Currarino et al. classification of C1 posterior arch hypoplasia

To the best of our knowledge, only 4 other cases of unilateral C1 lateral mass hypertrophy have been described in the literature.[5] All of these patients presented with progressive myelopathy and torticollis. The patients ranged from 21 to 54 years of age and were distributed equally in both sexes. Two of these patients had associated syringomyelia and one patient had bifid C1 posterior arch. The authors have also argued that this unilateral atlantal lateral mass hypertrophy could be a defined clinical entity and developmental in origin. Similar to theirs, our patient also presented with myelopathy and torticollis. In addition to C1 lateral mass hypertrophy and syringomyelia, our patient also had associated chiari-I malformation and unilateral absent C1 hemiarch. Hence, the constellation of anomalies in our patient is different than those reported by Goel et al. We also encountered one case report of isolated C1 posterior arch hypertrophy leading to myelopathy.[3] However, there was no lateral mass hypertrophy in that patient. The authors suggested a possibility of prior injury with subsequent periosteal reaction and bony growth as an explanation for the isolated posterior arch hypertrophy. However, we agree with Goel et al. who believe that this rare condition could be developmental in origin. Presence of other anomalies in the CVJ in our case further fostered our assumption as to the etiology of this extremely rare atlantal anomaly. There are reports of compensatory hypertrophy of C1 anterior arch or C2 spinous process in cases of C1 posterior arch hypoplasia.[9] Such findings have been attributed to the increased muscular attachments and attendant increased vascularity. This possibility remained strong in our patient as the C1 lateral mass hypertrophy was on the right side whereas the C1 posterior arch was deficient on the left side. However such compensatory lateral mass hypertrophy has not been described previously.
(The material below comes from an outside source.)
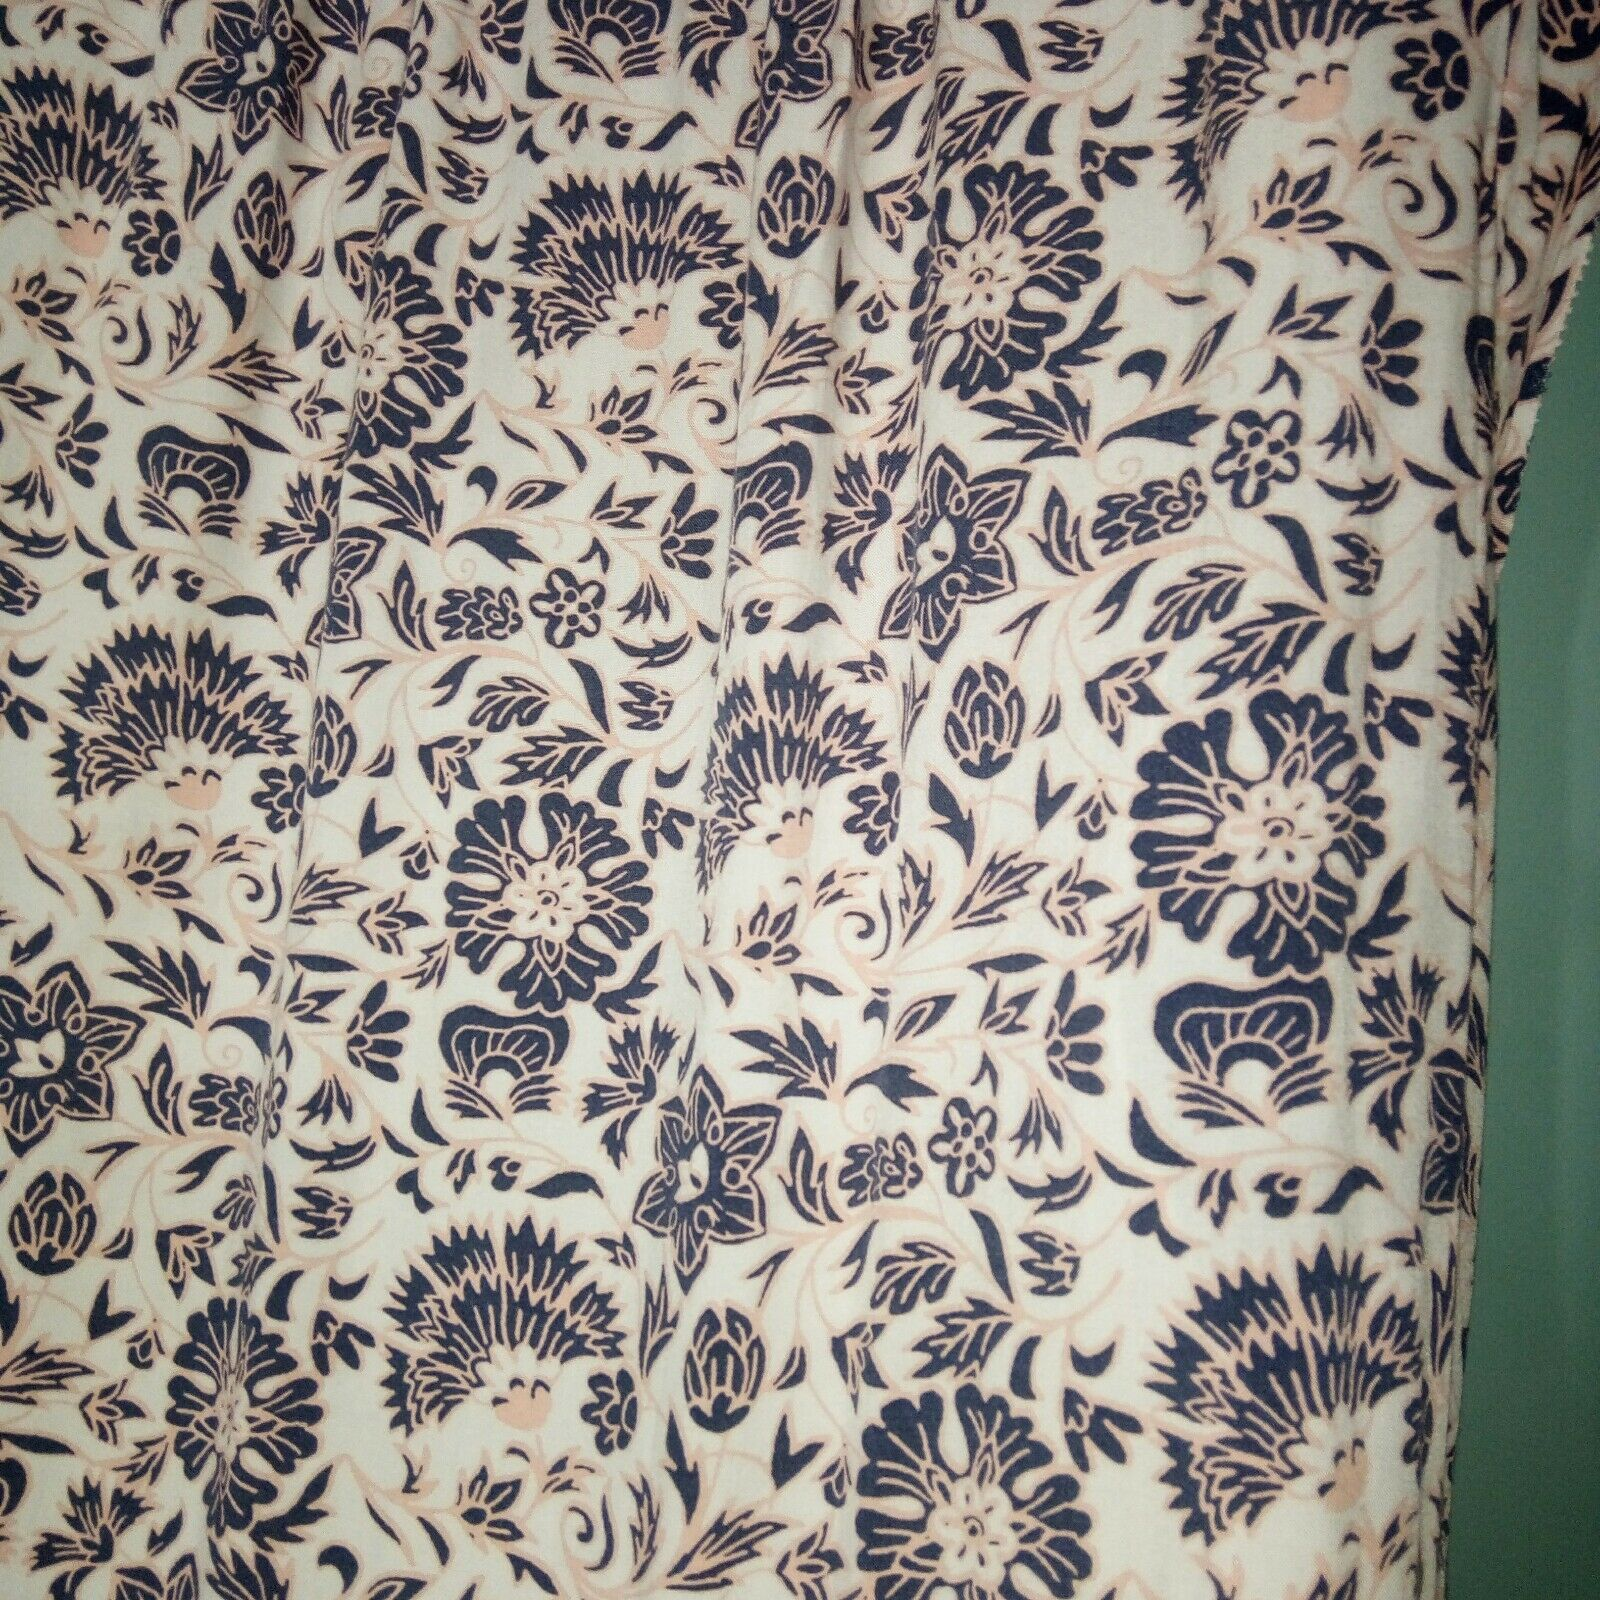 Ann Taylor LOFT Women's Dress Rayon  Floral Button Front Short Sleeve Size M

As far as the treatment is concerned, all four patients reported by Goel et al. were operated from posterior approach only.[5] Although only posterior decompression was done in three patients, direct excision of the hypertrophied lateral mass was done in the remaining patient. The last patient was reported to have improved most among 4 and hence Goel et al. maintained that direct excision of the hypertrophied bone is the ideal treatment in such cases. In our patient, we aimed to excise the hypertrophied bone transorally. The transoral route was chosen because it allowed us to drill the hypertrophied bone under direct vision. Moreover, presence of the transverse ligament acted as a safeguard for the cord during the procedure. After dealing with the hypertrophy anteriorly, we did posterior decompression. The remaining C1 hemiarch was removed followed by posterior fusion (O-C2 wiring). We do concede that, the bony hypertrophy probably could have been decompressed from a posterior only approach as mentioned by Goel et al.[5] However the transverse ligament would anyway have become incompetent considering the fact that the inner surface of the lateral mass provides attachment to the ligament. Hence, iatrogenic instability was anyway going to occur whether anterior elements were removed or not. Rather removing the anterior arch and odontoid allowed wider working space in order to drill the impinging hypertrophied lateral mass. Moreover, the transverse ligament, lying anterior to the cord, provided a safeguard against retraction and drill bit related injury to the anterolateral aspect of the cord whereas no such protection is available posteriorly.

CONCLUSION

Unilateral lateral mass hypertrophy of the atlas is an extremely uncommon developmental anomaly and may cause myelopathy either on its own or in combination with other anomalies like tonsillar ectopia. Decompression of the bony overgrowth impinging the cord is the most effective treatment and can be accomplished either anteriorly or posteriorly. More such cases need to be reported for having further insight into this rare anomaly and formulating a uniform management plan for such patients.